There are other “causes” of affairs than just “my marriage sucked” or any variation thereof (I wasn’t getting enough sex, she didn’t love or cherish me enough, etc.).  There are some people who are dealing with a pattern of sexual acting out that is a lifetime behavior not caused by the person they are with.  Sometimes affair behavior has nothing to do with their primary relationship at all – and confessed sex addicts will be the first to tell you that – at least my husband would.

Does that mean there is something fundamentally wrong with me that I picked him to marry? Quite possibly. That is part of my journey to healing.  I need to figure out why I was attracted to someone who was emotionally unavailable.  I can say that sex addicts are masters of covering up their emotions, compartmentalizing, rationalizing and denying.  But that doesn’t change the fact that I inadvertently accepted that behavior by allowing him to offer me thin explanations, bad lies, and surface emotions.  I let him give me less than I deserved, and I tricked myself into thinking I was getting everything I needed.

I know that this will sound awful, but sometimes I wish that I was just dealing with a garden variety affair. I know that they are painful and difficult to get through. But at least there is a clear path, and it is more of a partnership to find your way out.  This?  I’m not sure what it is.  Any books I read call me codependent if I try to help my husband through it.  So I have to just sit back and let him do the work.  Sure, I have things that I’m working on as well.  But none of those things will matter if he doesn’t unravel his “cause” and break his underlying patterns.

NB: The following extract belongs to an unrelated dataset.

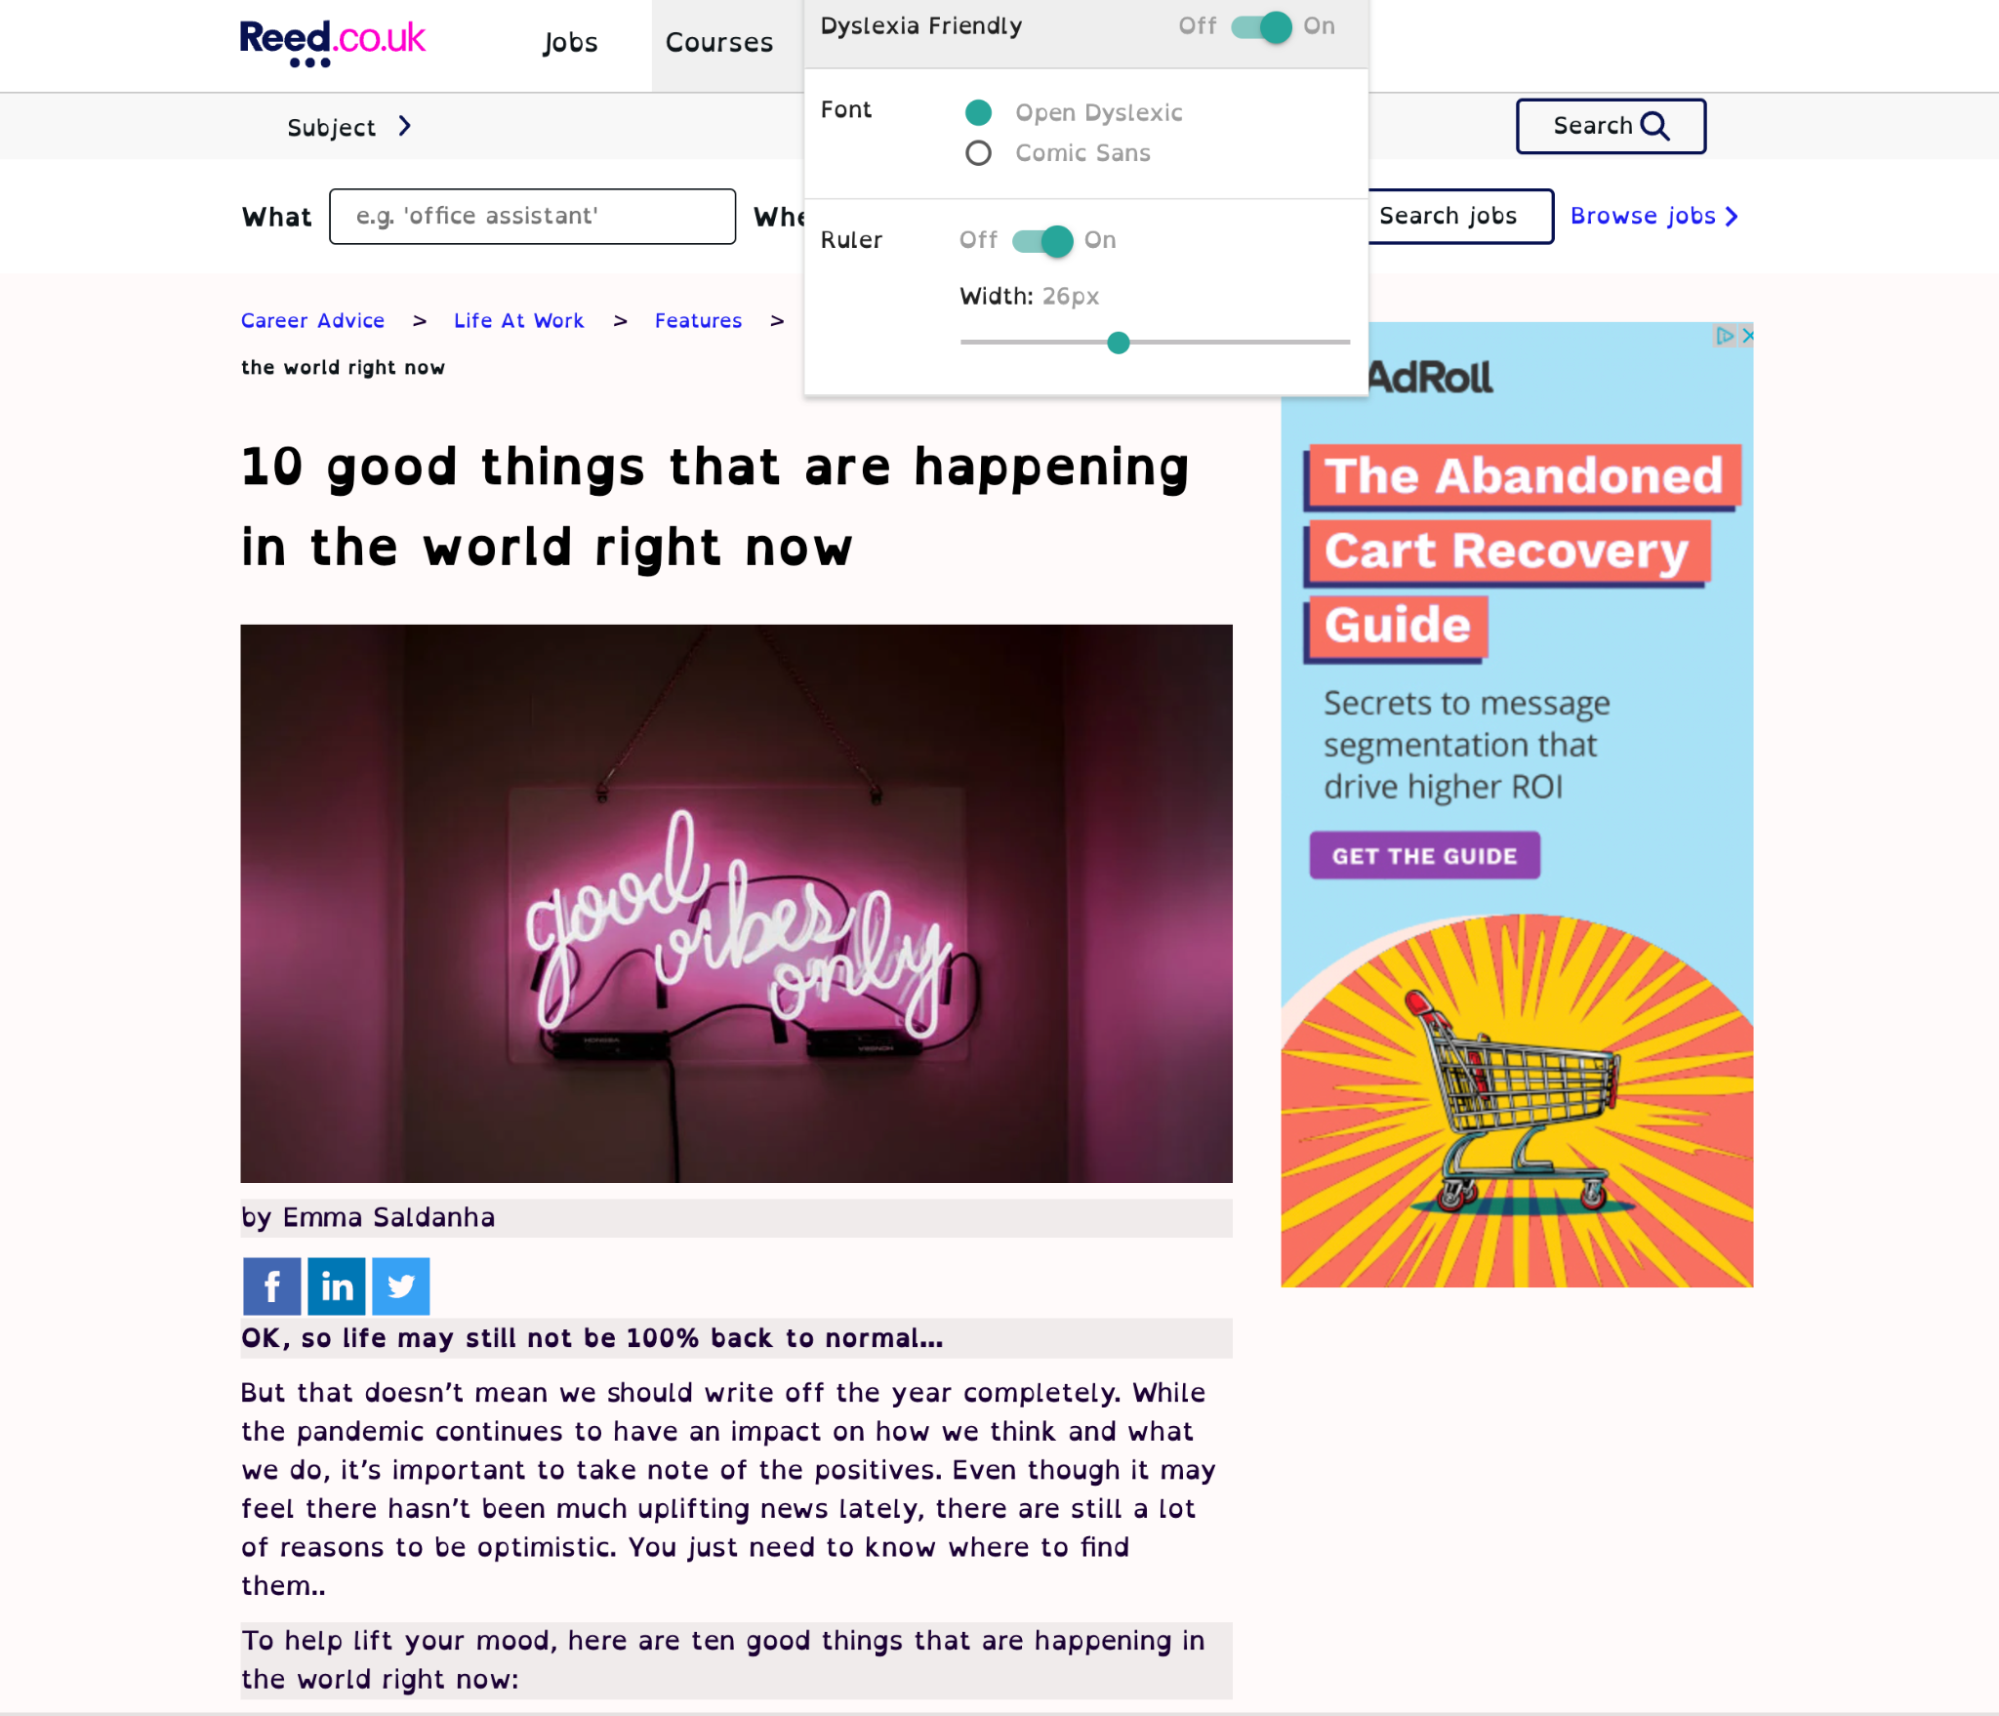 Web page titled ’10 good things happening in the world,’ with dyslexia-friendly text.

I WISH that I could do something to fix this.  I WISH that our cause really was as simple as some fundamental thing being missing from our relationship.  It just isn’t.  His sex addiction was not caused by me.  It was there before me.  The primary cause of my husband’s cheating had nothing to do with me.  It has to do with his addiction.

That means we are working not just to find the proper footing in our marriage.  We are also working to find a way to connect and get to the “real” person underneath the sex addict veneer.  I want to know my husband.  I want him to share with me.  He wants to share with me.  But his gut instinct, his default programming, is to lie, hide, and cover his true emotions with acting out behavior like porn, sex chatting, sexting, etc.  He isn’t acting out sexually anymore, but he is still lying and hiding things that he could and should be sharing with me.  He has to figure out why.  He has to get to the root of that programming, undo over 40 years of “faulty wiring,” be okay with being vulnerable, and learn to accept the love that I am offering him.

And I have to learn to let go.  I have to learn to let him figure things out.  I have to learn to keep offering love and support whether he accepts them or not.  I have to keep being vulnerable even when he isn’t.  I have to lead by example and put into my marriage what I hope to get out of it.  That is the only way that I can “fix” anything – by doing the things that are in my power and being aware of the things that aren’t.  What an easy concept that is in theory, but how incredibly difficult it is in practice.

Maybe now you understand me better.  Maybe you don’t.  I don’t know.  I just wanted to point out that not every affair has the same cause.  Maybe other perfectionists out there will be able to let go of a little bit of their guilt, feelings of responsibility, and shame regarding their husbands’ affairs.  There are more spouses of sex addicts out there than you might think.  This is written for them.  Hopefully you will be able to identify what things you can change and what things you can’t.  Maybe you will start to understand the areas where you have responsibility and the areas that are completely on your spouse.  Don’t accept more responsibility than is really yours because it will only lead you to try to change things that aren’t in your power.